▶ [SUPPLIED INFORMATION]
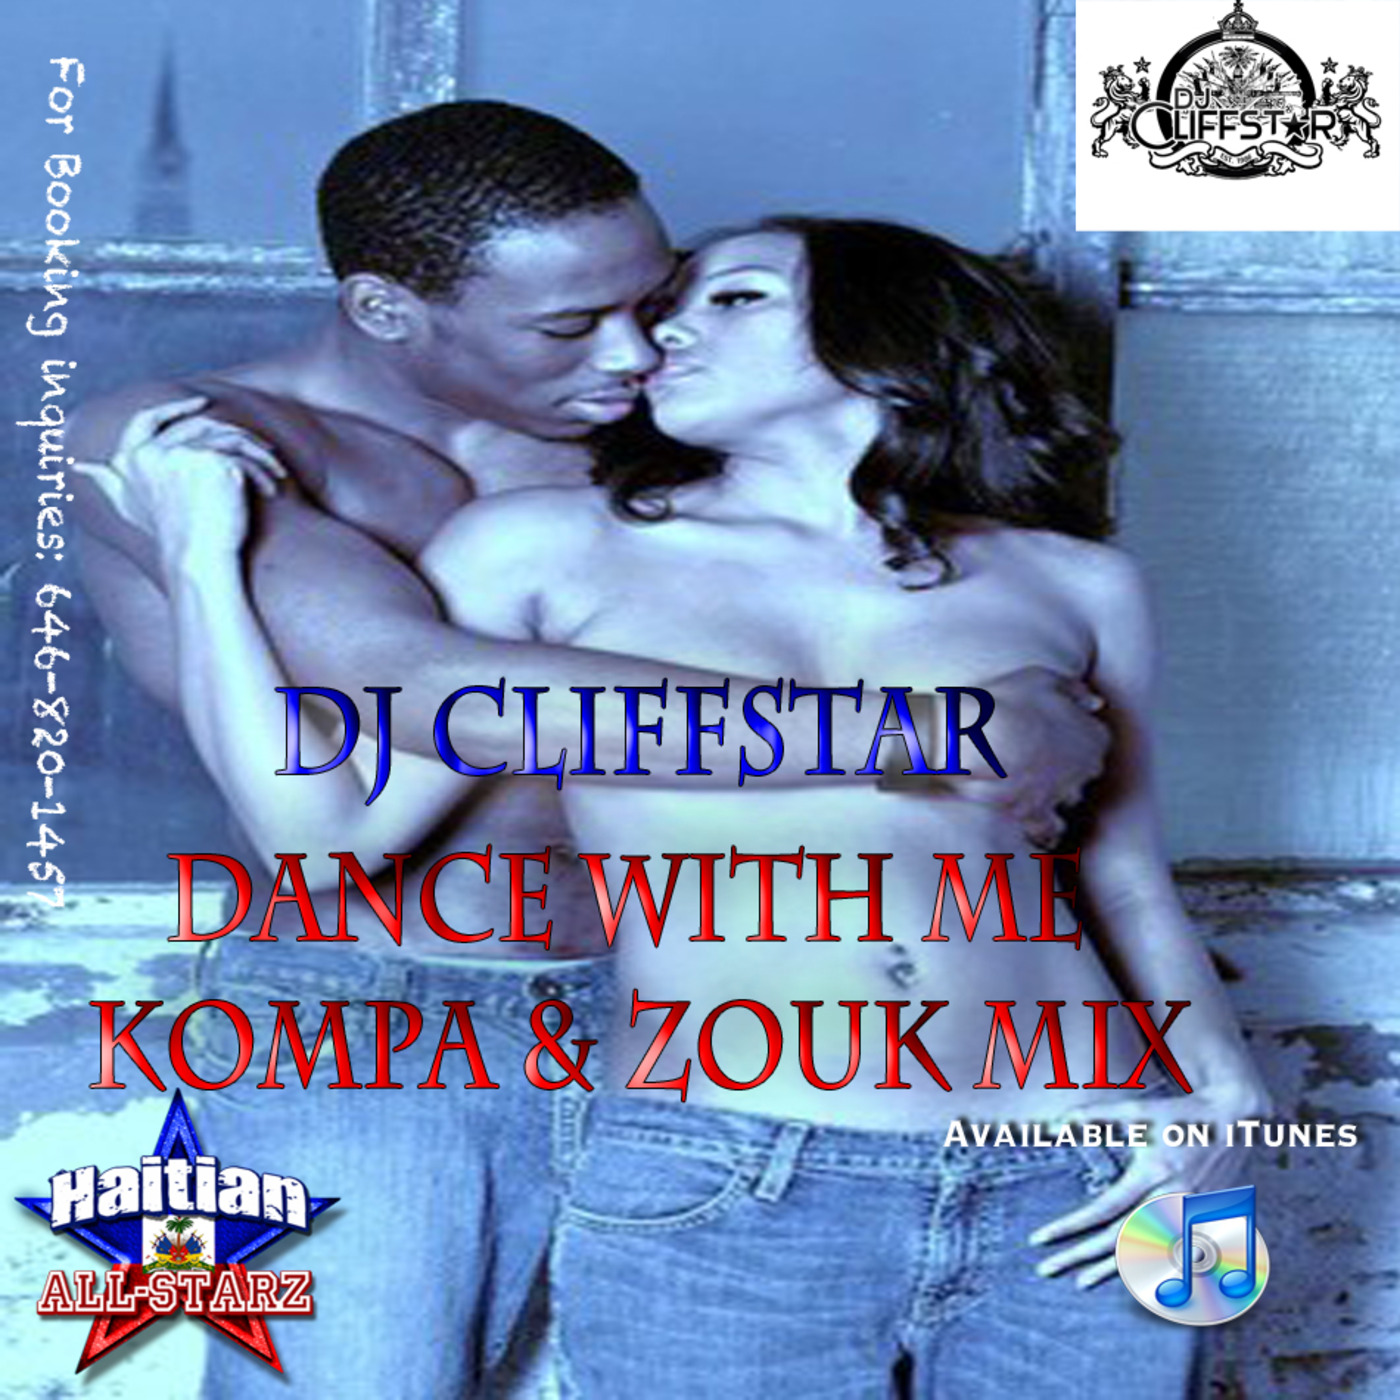 Dance With Me Kompa & Zouk Mix - DJ Cliffstar {Haitian All-StarZ DJs}
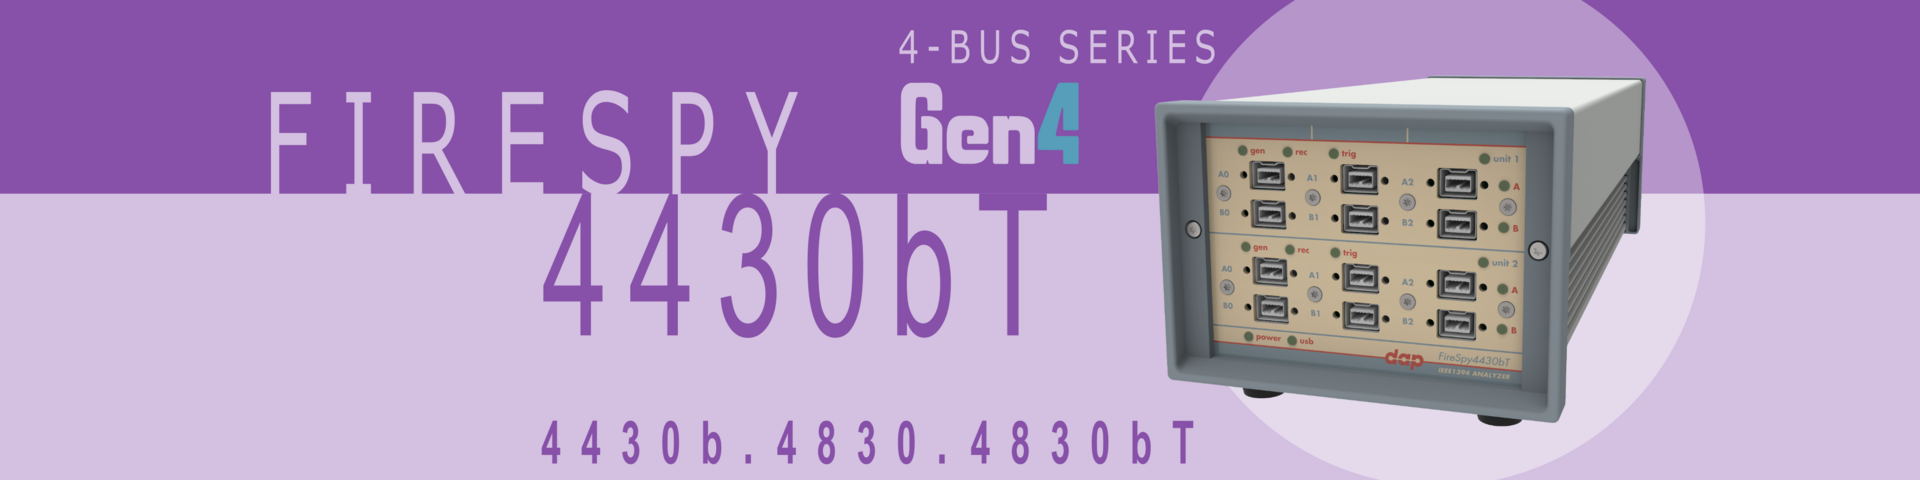 1394 and AS5643 Bus Analyzer - FireSpy4430b(T)/4830b(T)
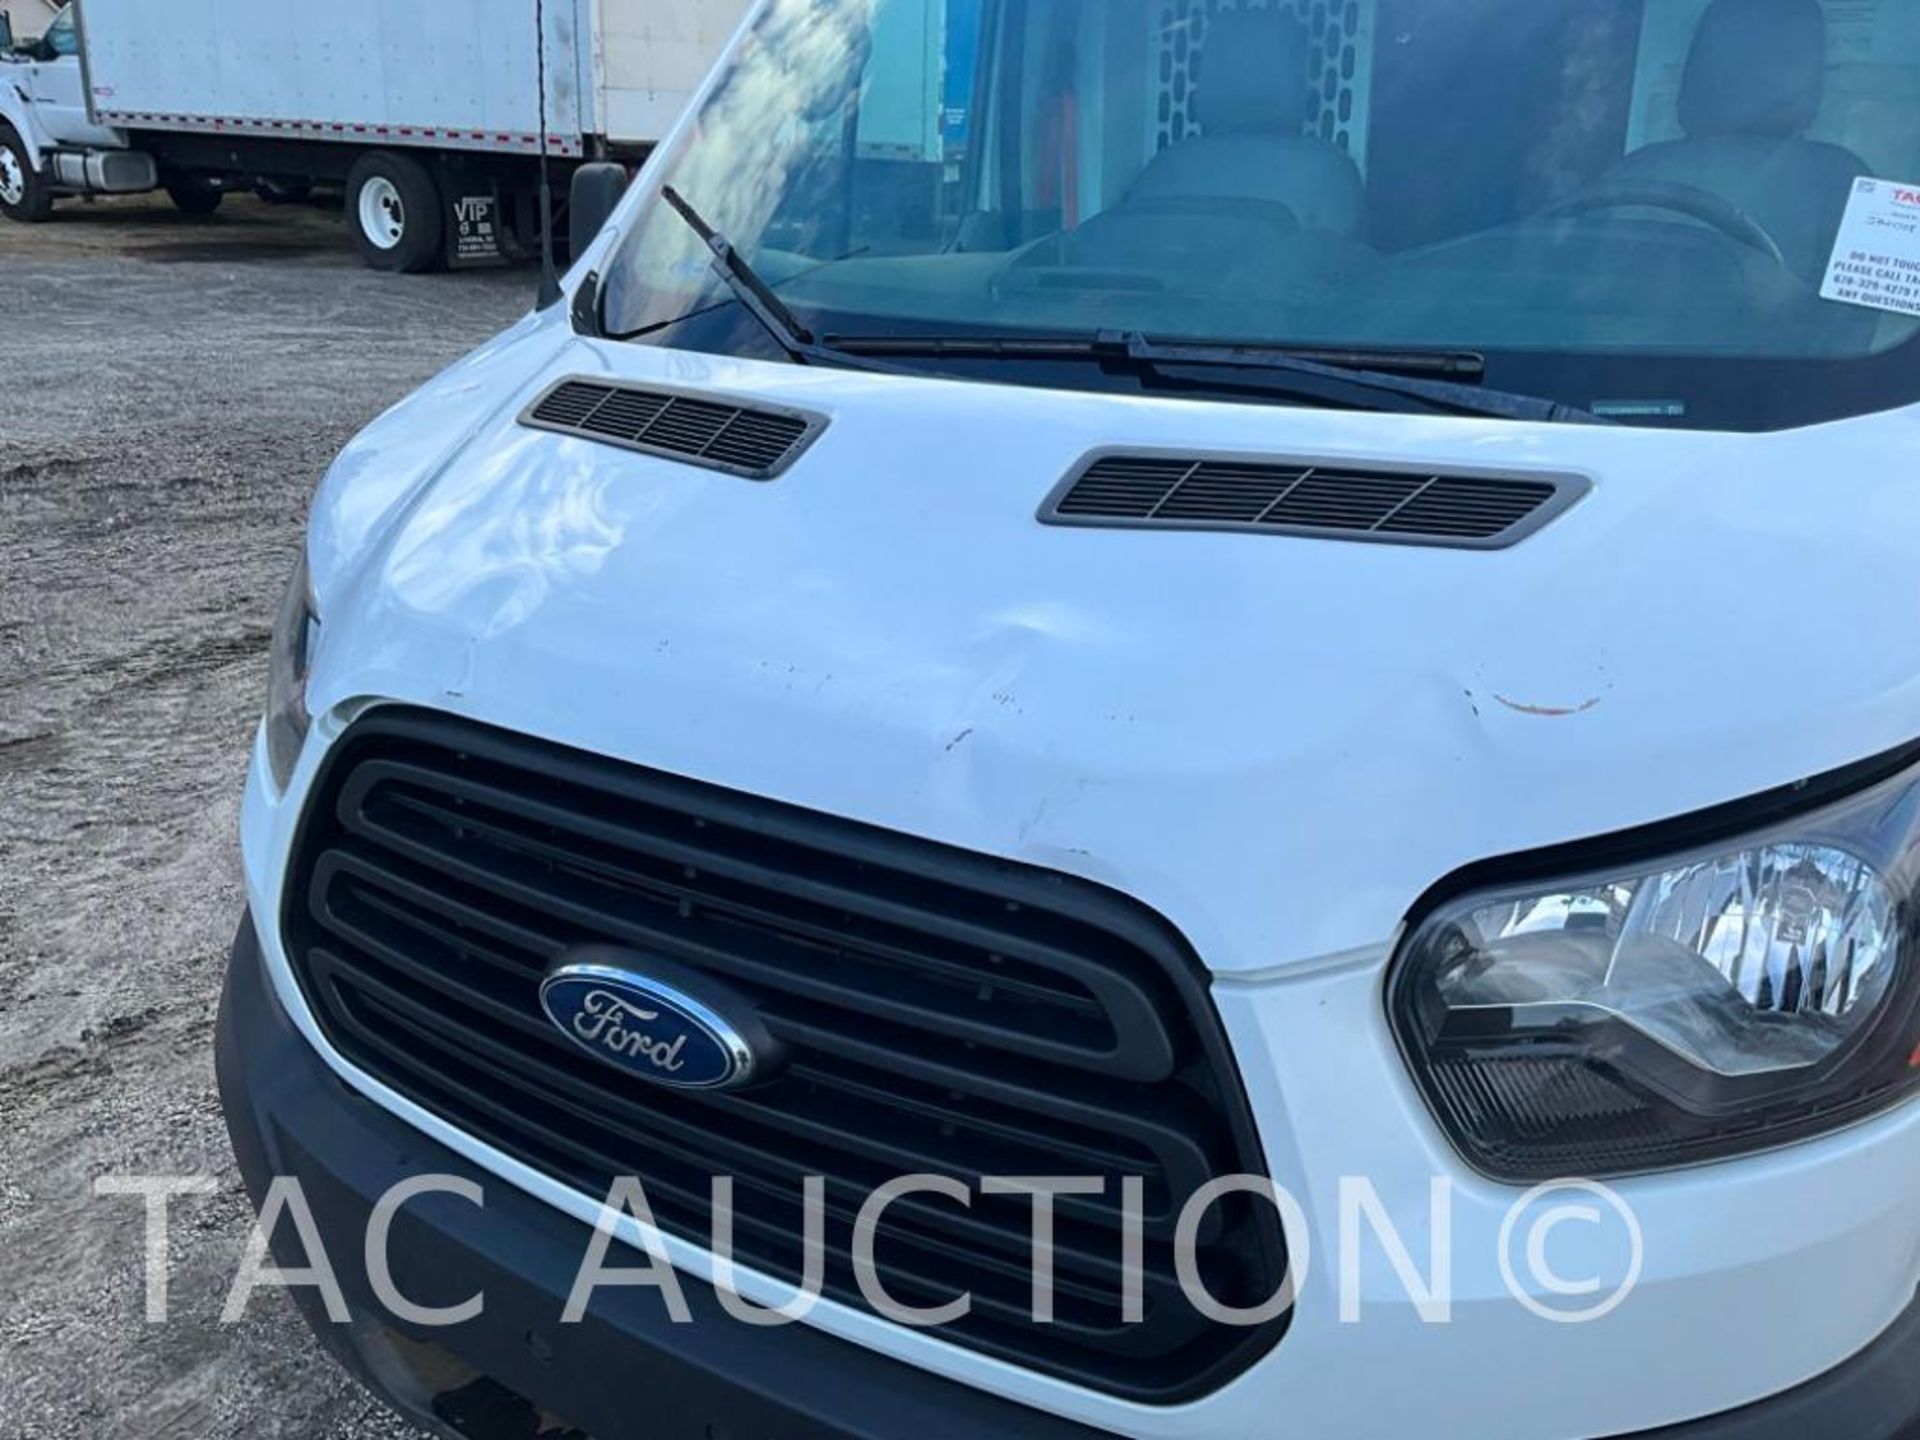 2019 Ford Transit 150 Cargo Van - Image 42 of 46

▶ [WHAT YOU ARE ASKED TO DO] Print the material above once more, exactly, minus the pictures.

▶ [RESPONSE TO THIS TASK]
 Dance With Me Kompa & Zouk Mix - DJ Cliffstar {Haitian All-StarZ DJs}
 1394 and AS5643 Bus Analyzer - FireSpy4430b(T)/4830b(T)
 2019 Ford Transit 150 Cargo Van - Image 42 of 46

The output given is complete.